INFORMATION SHOWN
-=-=-
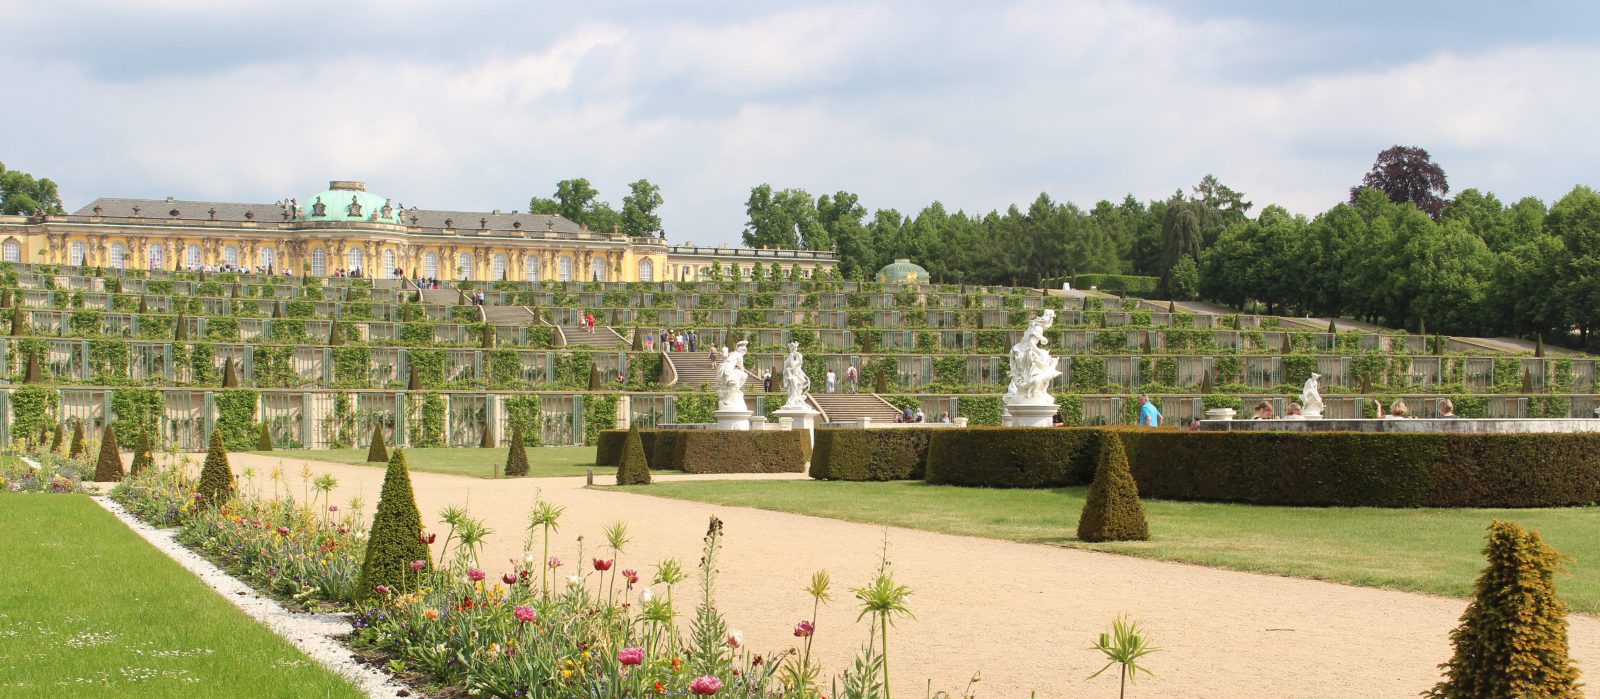 Potsdam sans-souci palais et jardin
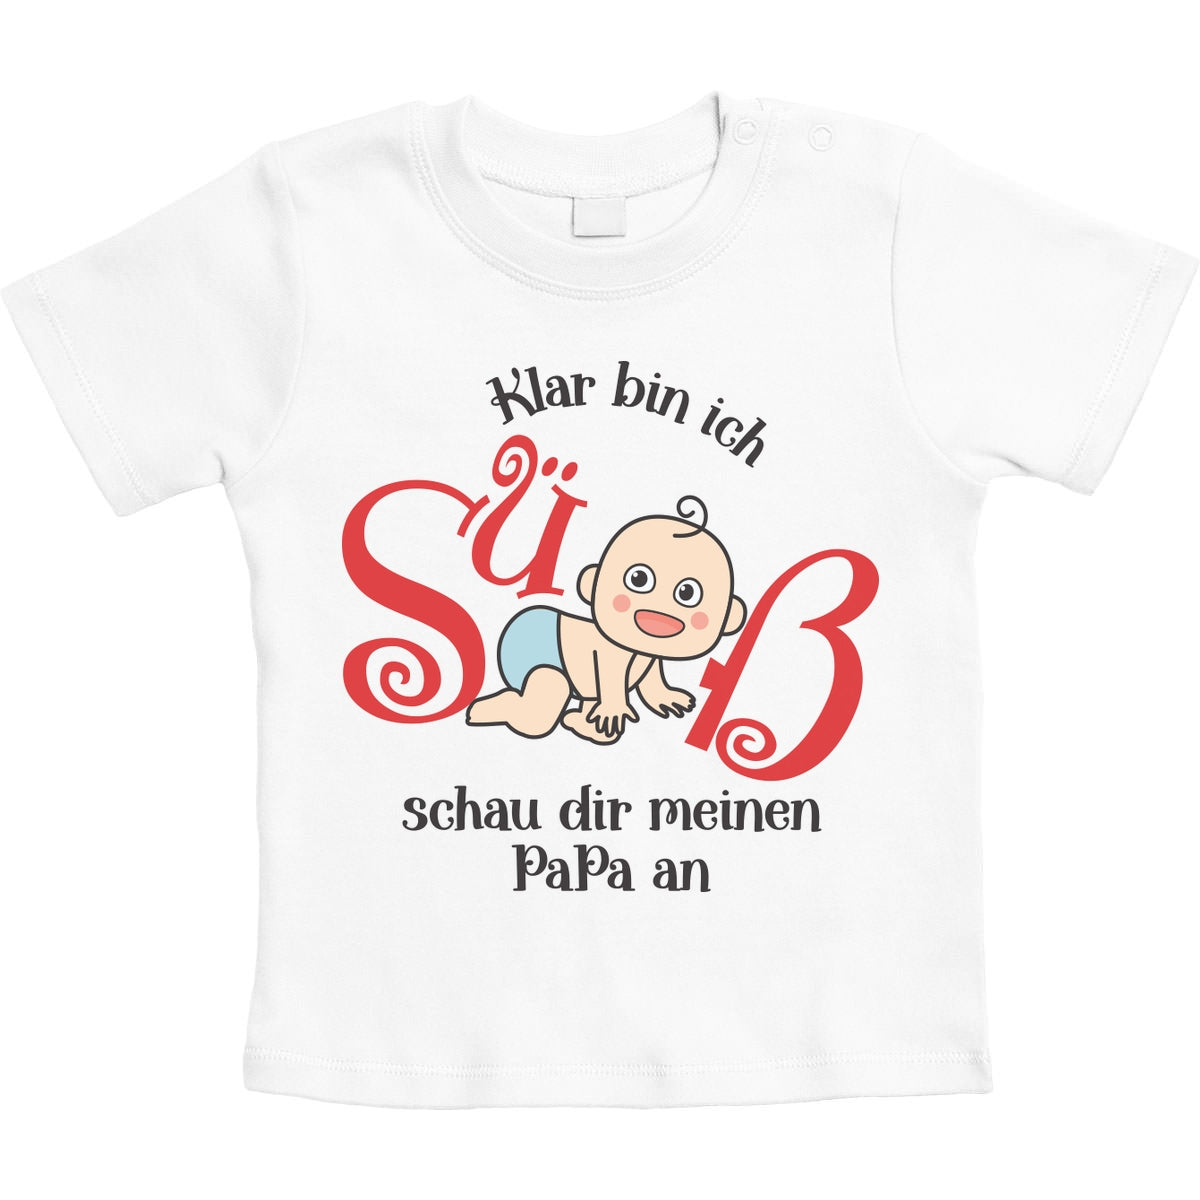 Klar bin ich süß mit süßes Baby Geschenk Papa Unisex Baby T-Shirt Gr. 66-93
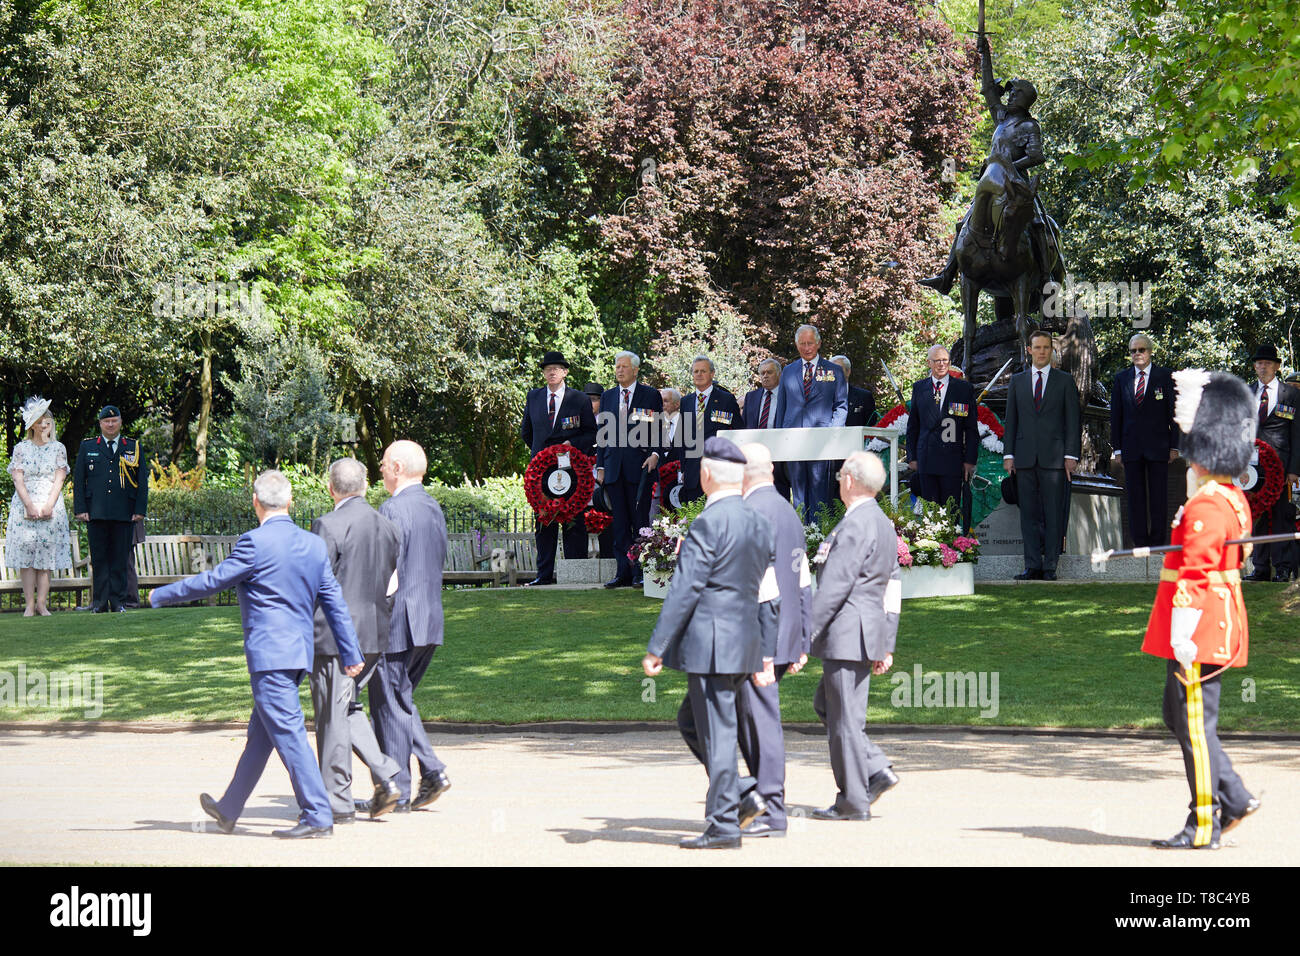 Londres, Royaume-Uni - 12 mai 2019 : Son Altesse Royale le Prince de Galles inspecte les cavaliers passés et présents dans le cadre de la 94e parade annuelle de l'Association anciens camarades de cavalerie dans Hyde Park. Banque D'Images
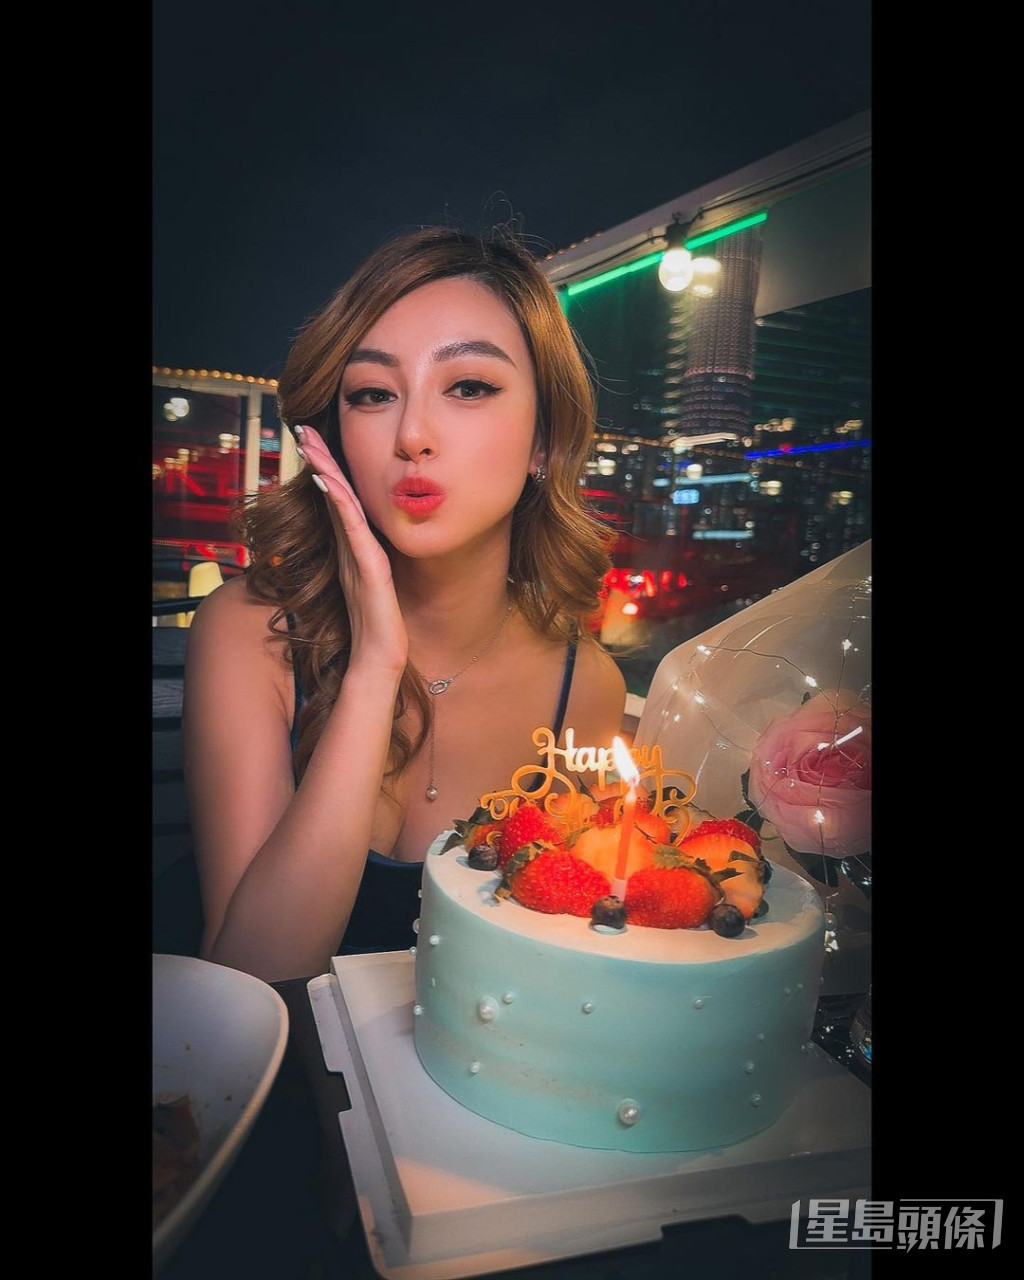 许子萱在今年情人节刚过26岁生日。
-=-=-
Give back, exactly and with nothing added, the lines from the line with "Klar bin ich" through the final line of the data, both included; leave pictures out.

ANSWER BOX
 Klar bin ich süß mit süßes Baby Geschenk Papa Unisex Baby T-Shirt Gr. 66-93
 Londres, Royaume-Uni - 12 mai 2019 : Son Altesse Royale le Prince de Galles inspecte les cavaliers passés et présents dans le cadre de la 94e parade annuelle de l'Association anciens camarades de cavalerie dans Hyde Park. Banque D'Images
 许子萱在今年情人节刚过26岁生日。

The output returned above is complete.